Data migration Approaches:
Model1:
Advantages:
Simple
Disadvantages:
Business disrupted
Migration needs to complete in limited time
Model2:
Require each table to have an additional GMT_MODIFIED column
Advantages:
Shorter down time, data can be read from original DB when performing full data replication
Disadvantages
Hard to predict whether new DB can fully withstand all read/write load. If after switching to new DB, and it is overloaded, the result can be disastrous
Timestamp based scanning creates a lot of pressure on DB. If scan interval is too large, data is out of sync.
Model3:
Advantages:
Low data sync latency
No downtime
Disadvantages:
Intrusion into business logic to write to both database
Full replication and dual write occurs the same time, data in new DB may have conflict. We need to logically enforce that only records with newer timestamp are written to new DB
Date integrity may be comprosied: writing to old/new database need to be in same transaction. XA is very costly.
Incremental data replication is more widely adopted
For oracle it is harder to replicate journal, so use a two phase protocol
Write to a log table
Write to data table
Write data record id to log table
Asynchronously retrieve log based on id and replicate to new DB
Following modules are needed for data migration program
Control Module
Zookeeper
Timer
Task configuration
Full migration
Data fetch module
Customer defined functions
Data write module
Incremental migration
Data fetch module
Customer defined functions
Data write module
Incremental trigger
Data validation module
Model4:
Step 1:
Stop updated business data during full migration in local
Step 2:
Start full migration, need to consider exceptional cases where the target database server is down unexpectedly during migration.
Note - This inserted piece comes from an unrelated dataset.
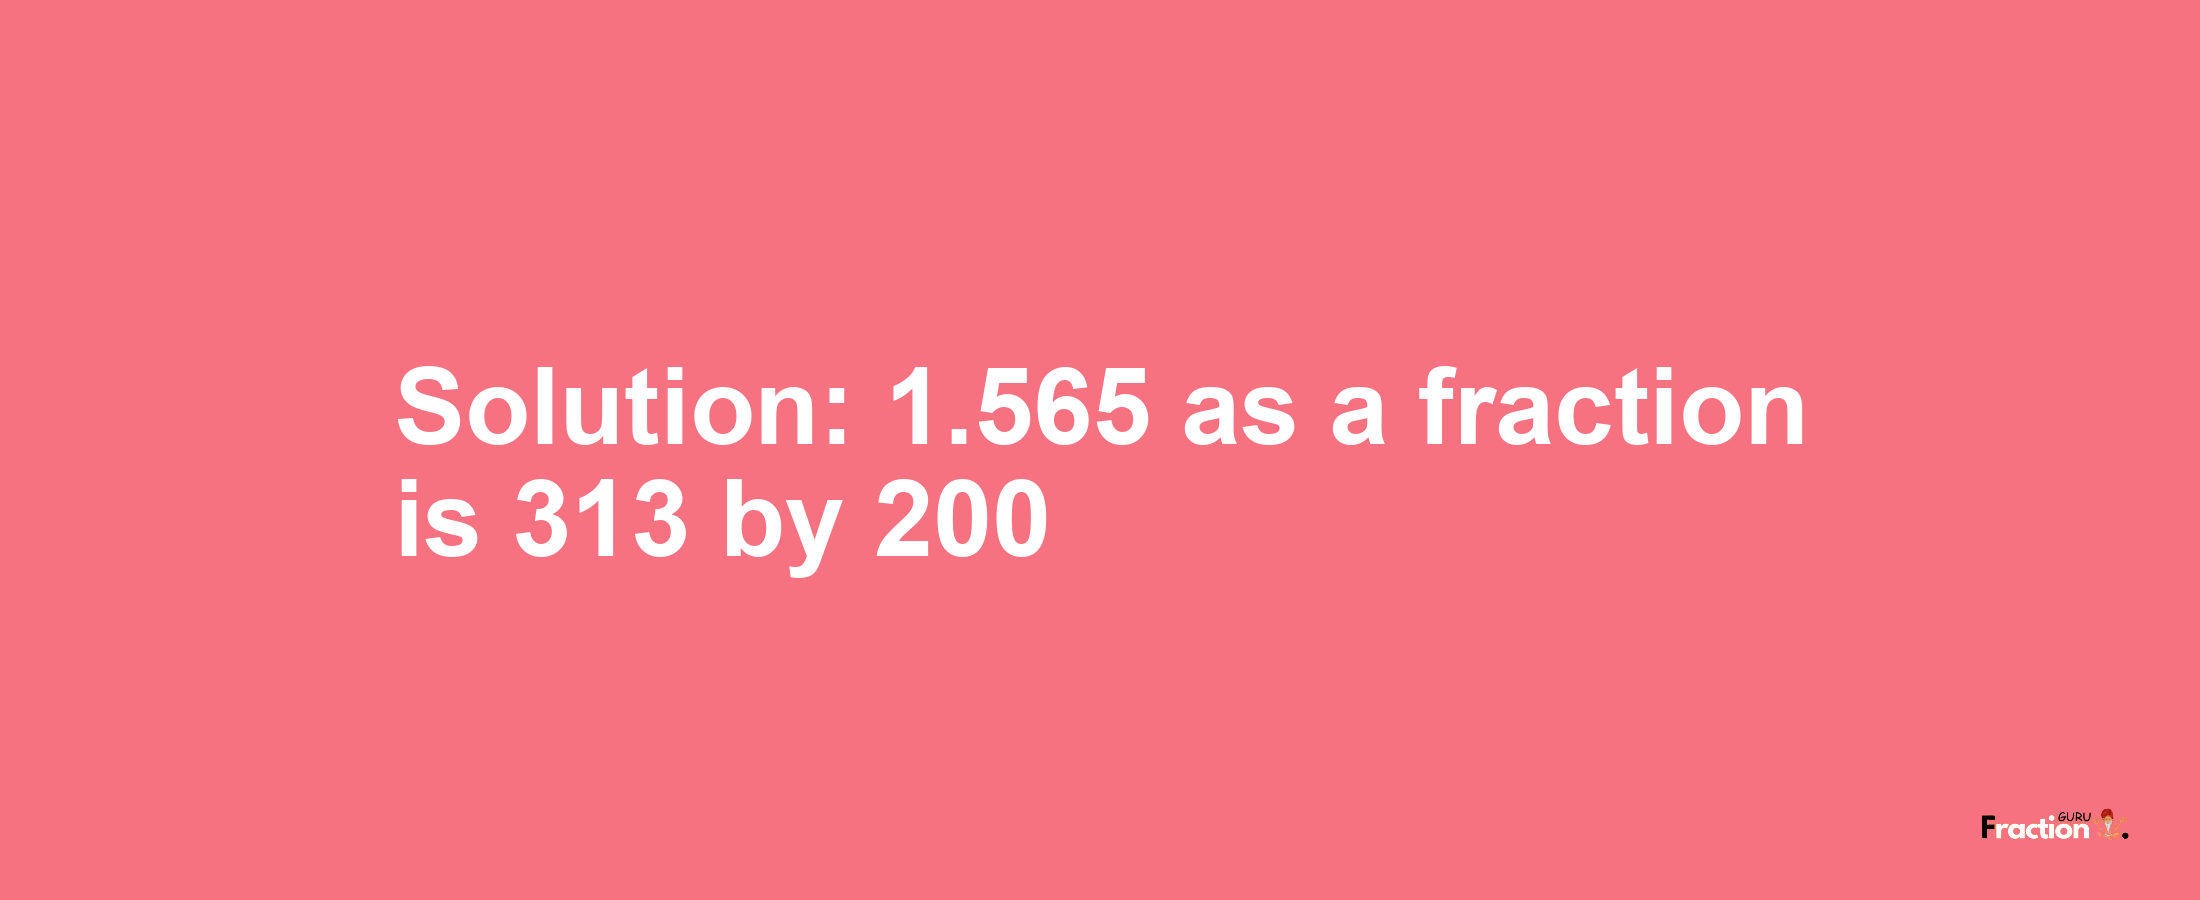 Solution:1.565 as a fraction is 313/200

Solution is to store id range to replicate in zookeeper, so that migration progress can be queried from zookeeper on target server recovery
Step 3:
Start incremental migration, replicate local stored update to target database server until all local updates are consumed
Step 4:
Start data validation to ensure that migrated data and original data are the same (no missing or duplicated data). We can do full validation or sample validation based on importance of data. After validation, we can tentatively switch some of the read to new DB
Step 5:
Swith to use the new DB. After switch, write will be applied to the new DB and it is very hard to rollback
Multi-threaded migration consideration
1. Mulit-threaded migration increases write speed, but consumes more DB resources. Number of reades need to be dynamically adjusted based on time (business load)
2. Multi-threaded migration may cause deadlock, need to ensure that per write thread per table.
3. Data recovery becomes a challenge as it is more difficult to find out data failure point. The solution is to use a central dispatcher to allocate data range to migrate to different worker thread.